With rampant AI cheating it's no longer a guarantee of any of those.

gobdovan 5 hours ago | parent | next [-]

I do not think I had a single university course that was not ultimately assessed through supervised written tests. That matters, because homework was never a reliable anti-cheating mechanism. Even before AI, you could just pay someone smarter to do your homework for you, or ask older students for their assignments (and sometimes even their test questions, there's even a pg essay on this [0]).
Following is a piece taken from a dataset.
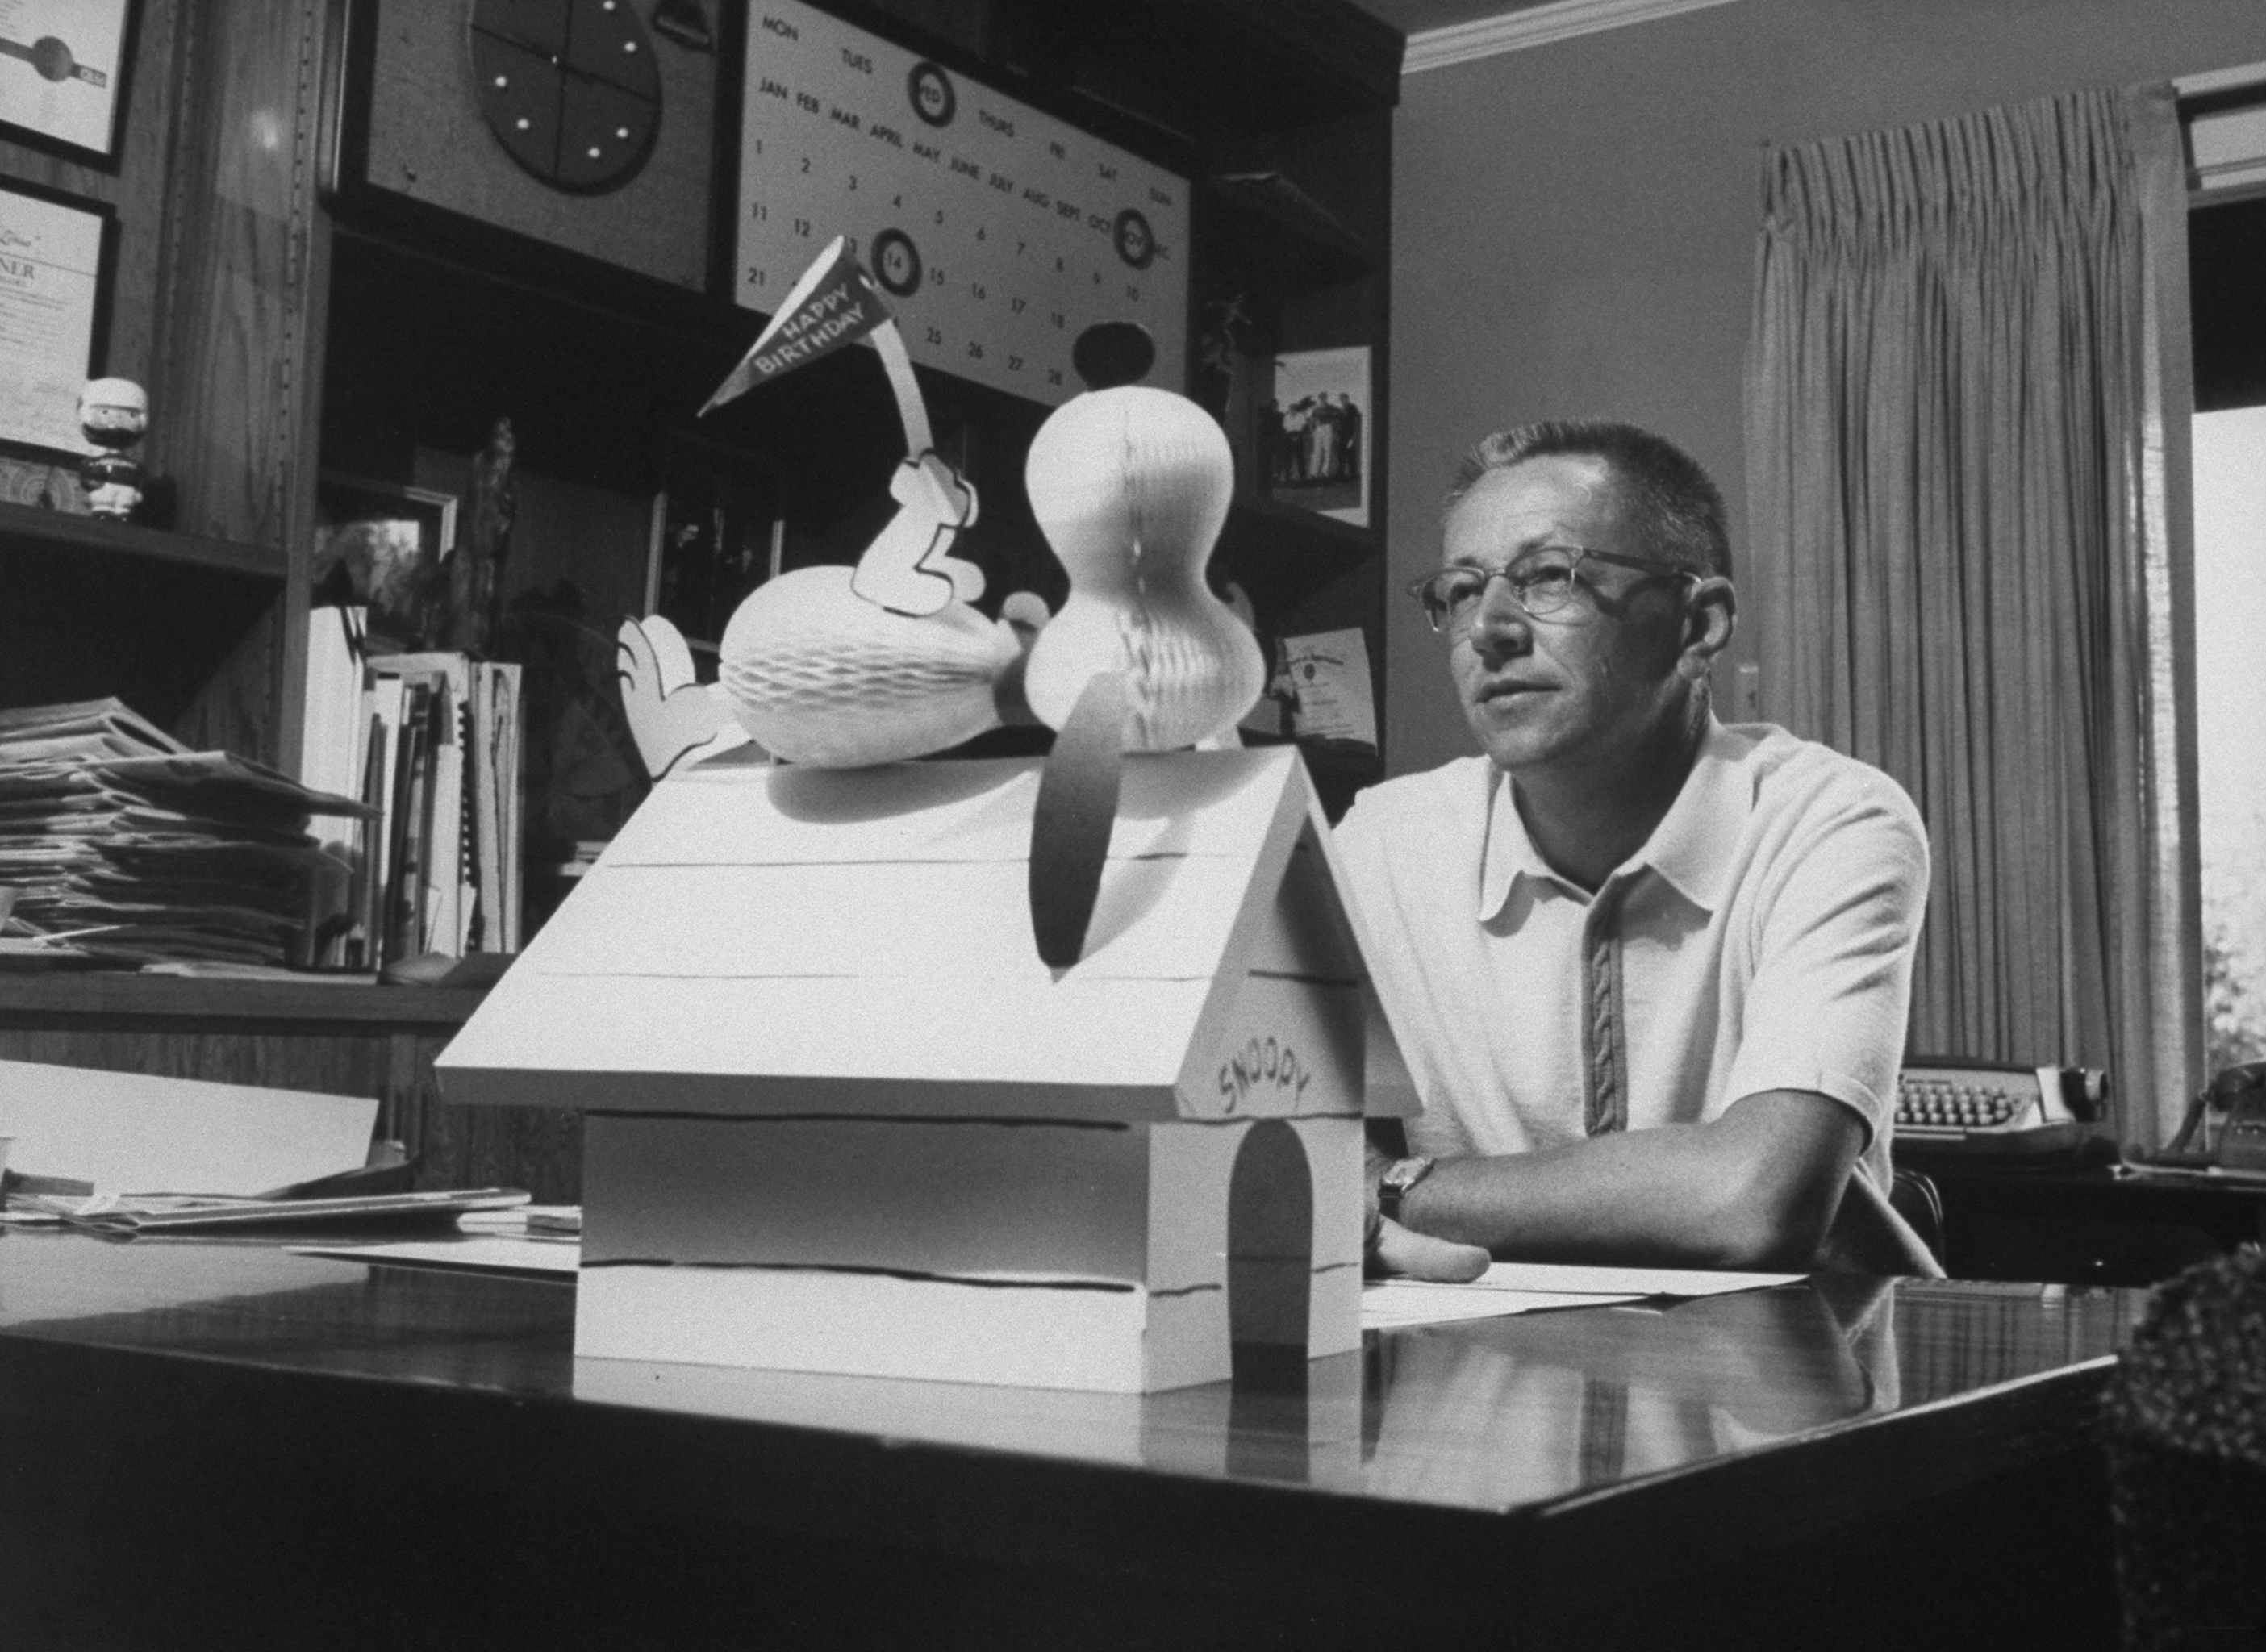 'Peanuts' cartoonist and creator Charles M. Schulz

You can cheat as much as you want on homework, but it won't help you on supervised written tests. At some point you have to sit down, unaided, and show that you can solve the problems yourself. So I do not see how AI substantially weakens the signaling value of a degree, at least in systems where the degree is backed by in-person written assessment. It may make take-home coursework less meaningful, but that was already the weakest part of the signal.

[0] https://paulgraham.com/lesson.html

overgard 5 hours ago | parent | prev [-]

I don't know, I went to a pretty well regarded CS program but some of the people I graduated with are definitely not people I'd want to work with. They might have hypothetically known what a loop is but I wouldn't expect them to put one to good use.